=== Begin Enclosure ===

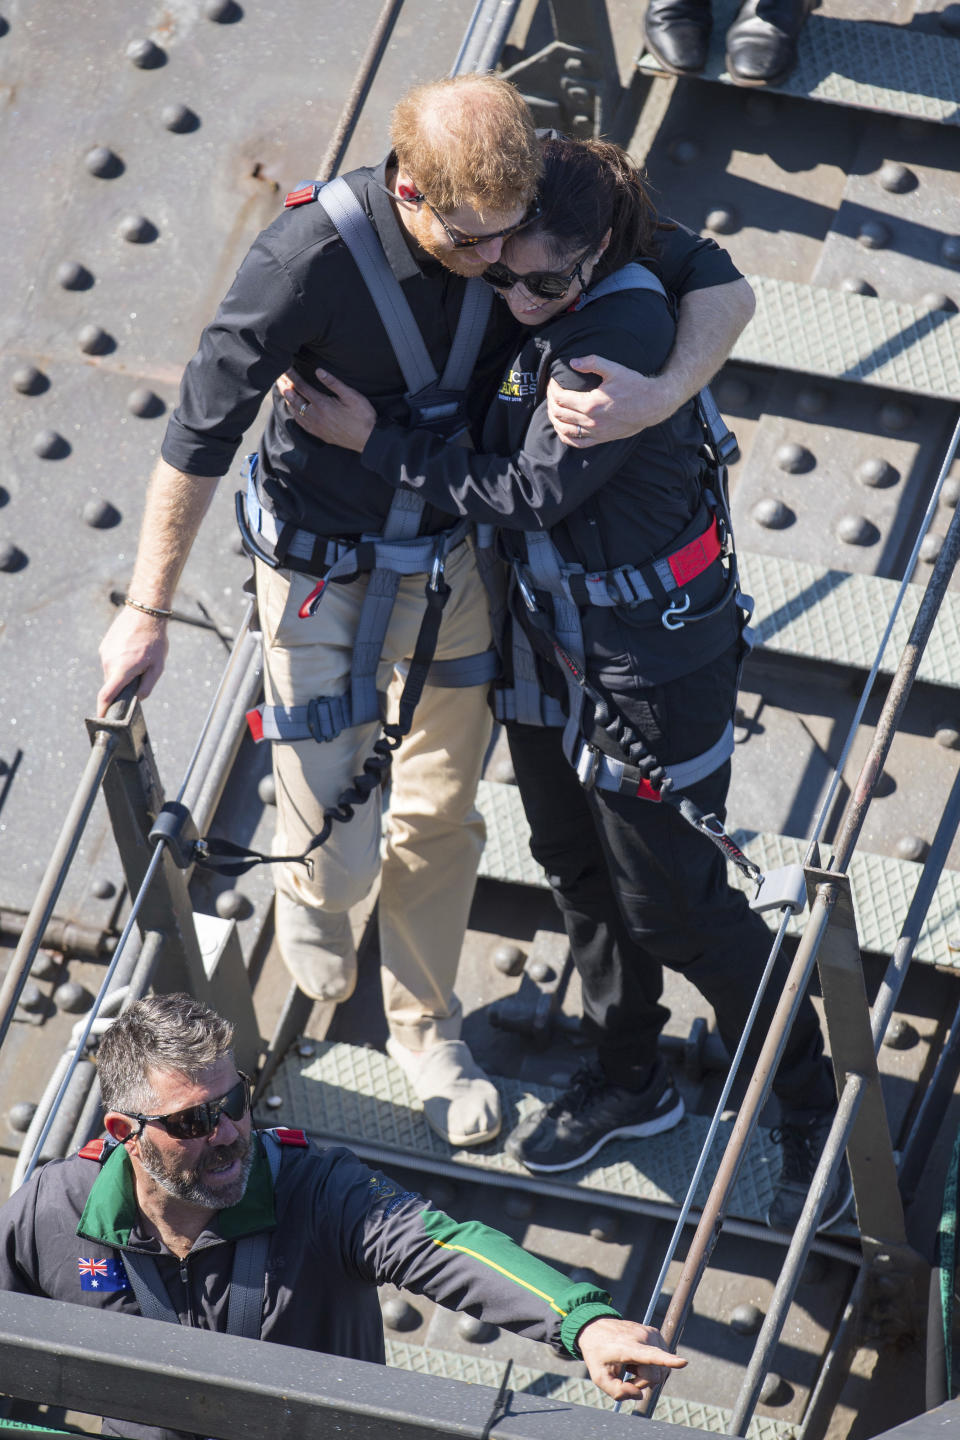 Britain’s Prince Harry, left, hugs a fellow climber during a visit to the Sydney Harbour Bridge with Prime Minister of Australia Scott Morrison and Invictus Games competitors in Sydney, Friday, Oct. 19, 2018. Prince Harry and his wife Meghan are on day four of their 16-day tour of Australia and the South Pacific.(Dominic Lipinski/Pool Photo via AP)
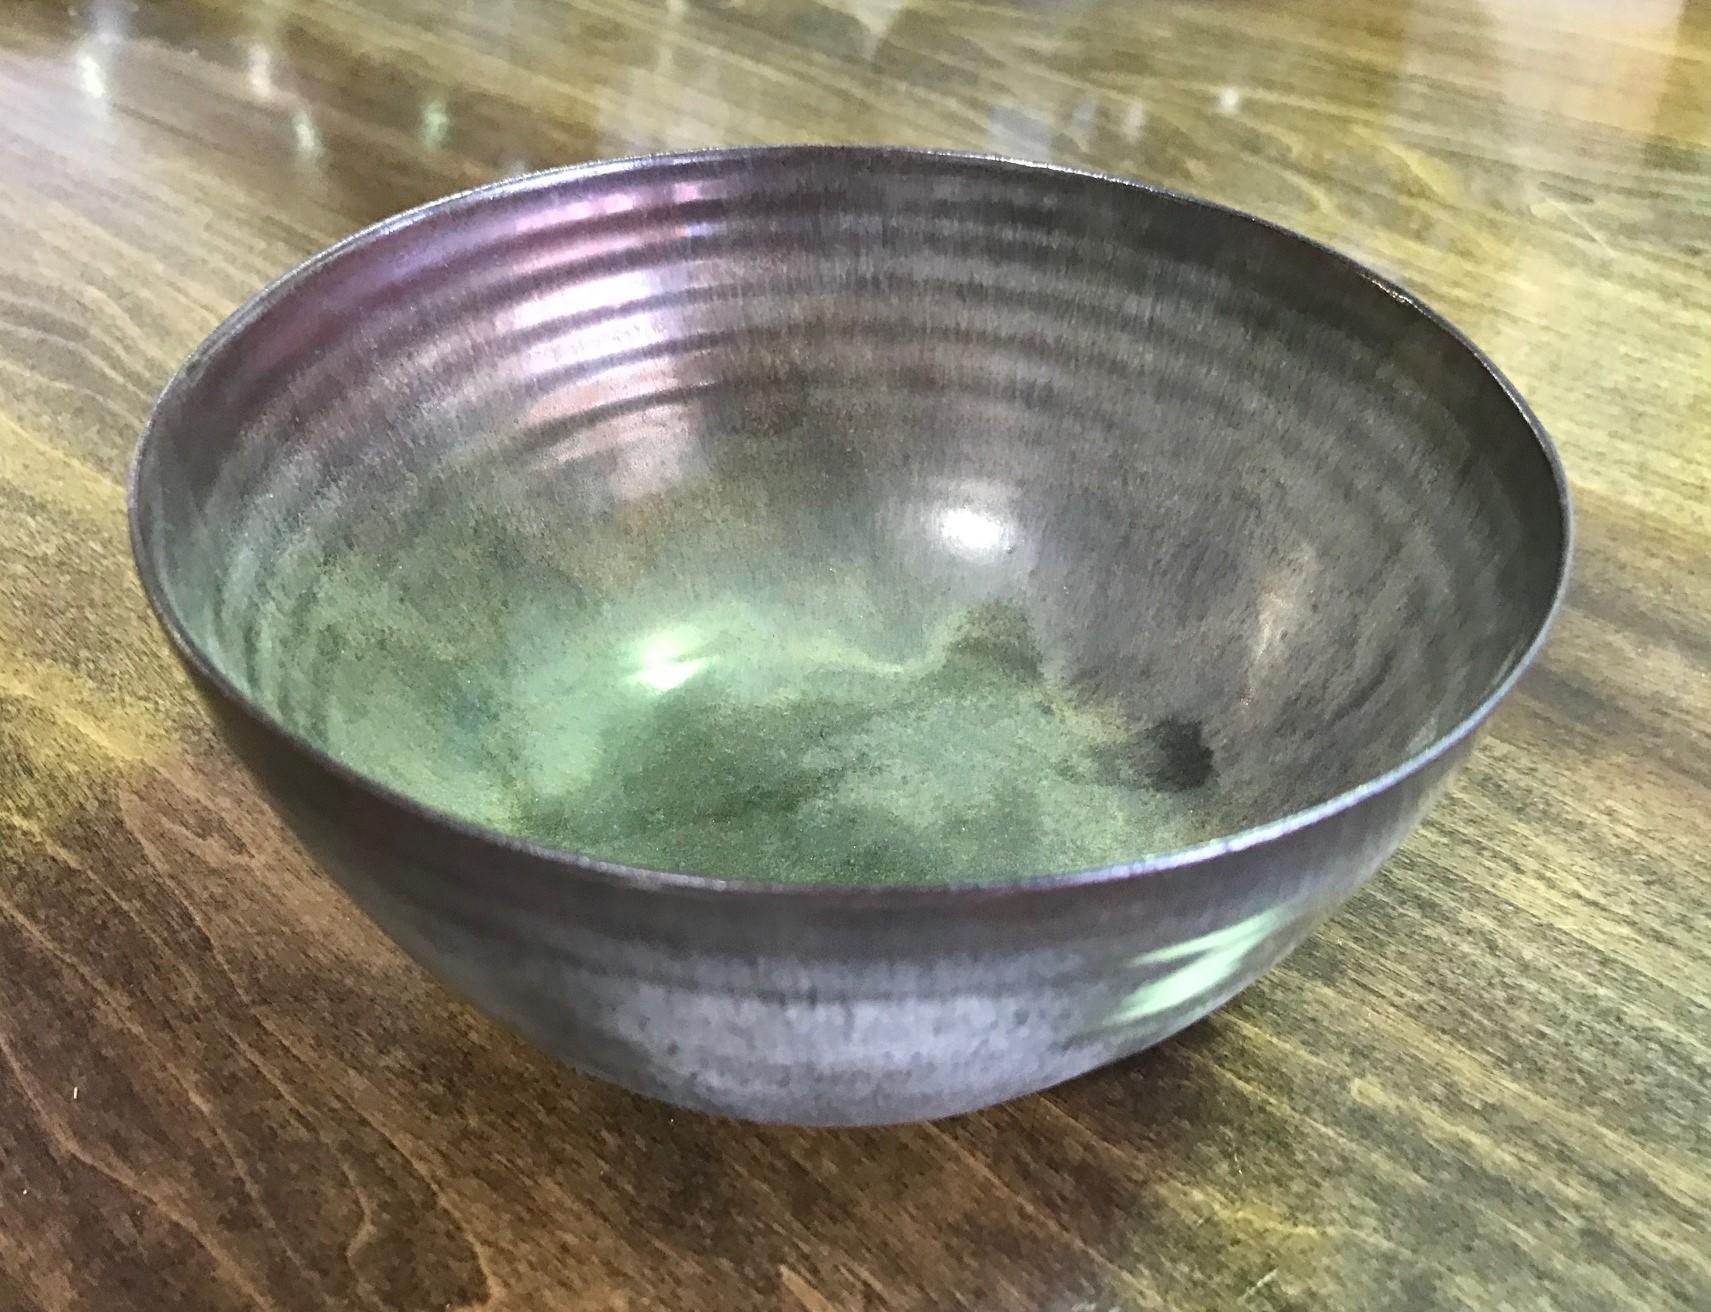 A masterful, rich work by famed potters Otto and Gertrud Natzler. This round-shaped footed bowl was delicately hand thrown and formed by Gertrud and glazed by Otto with a gorgeous dark, blue-grey crystalline reduction glaze. The bowl captures your
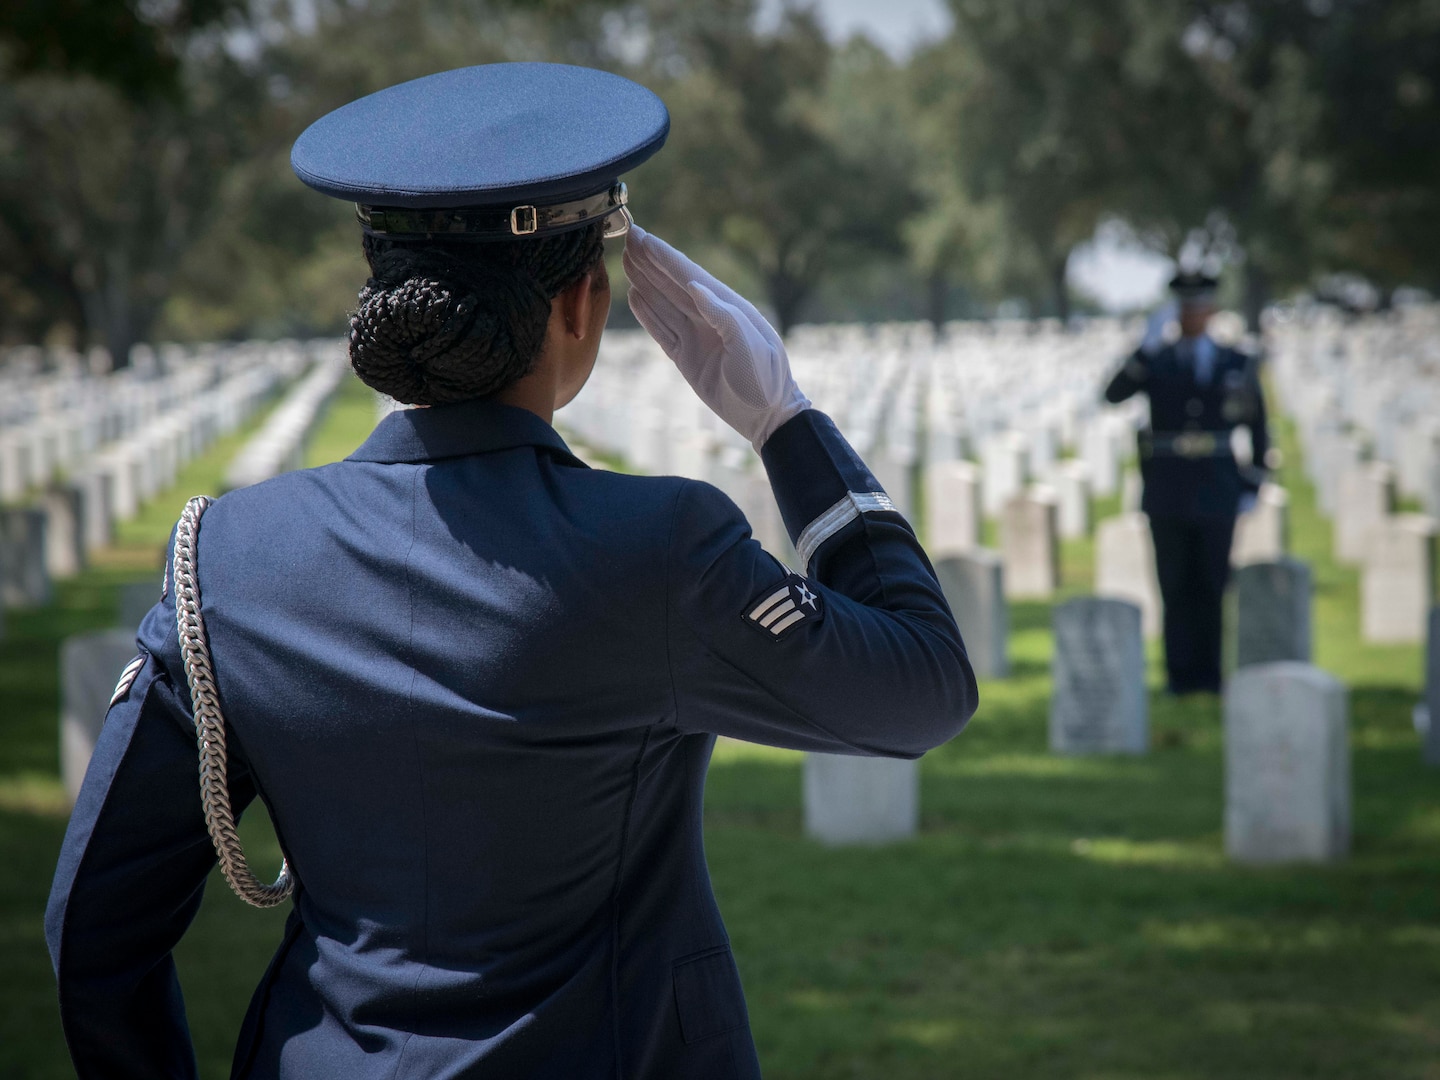 Senior Airman Chyna Roston, 559th Medical Squadron mental health technician, salutes another Joint Base Honor Guardsman while practicing for a funeral service Sept. 9, 2019 at the Fort Sam Houston National Cemetery. Before each service performed by JBSA Honor Guard, the detail arrives early to practice the service to ensure perfection before performing in front of the family. (U.S. Air Force photo by: Airman 1st Class Shelby Pruitt)

=== End Enclosure ===

> [WHAT YOU SHOULD DO] Write out the data above in full and exactly, but not the pictures.

> [RESPONSE]
 Britain’s Prince Harry, left, hugs a fellow climber during a visit to the Sydney Harbour Bridge with Prime Minister of Australia Scott Morrison and Invictus Games competitors in Sydney, Friday, Oct. 19, 2018. Prince Harry and his wife Meghan are on day four of their 16-day tour of Australia and the South Pacific.(Dominic Lipinski/Pool Photo via AP)
 A masterful, rich work by famed potters Otto and Gertrud Natzler. This round-shaped footed bowl was delicately hand thrown and formed by Gertrud and glazed by Otto with a gorgeous dark, blue-grey crystalline reduction glaze. The bowl captures your
 Senior Airman Chyna Roston, 559th Medical Squadron mental health technician, salutes another Joint Base Honor Guardsman while practicing for a funeral service Sept. 9, 2019 at the Fort Sam Houston National Cemetery. Before each service performed by JBSA Honor Guard, the detail arrives early to practice the service to ensure perfection before performing in front of the family. (U.S. Air Force photo by: Airman 1st Class Shelby Pruitt)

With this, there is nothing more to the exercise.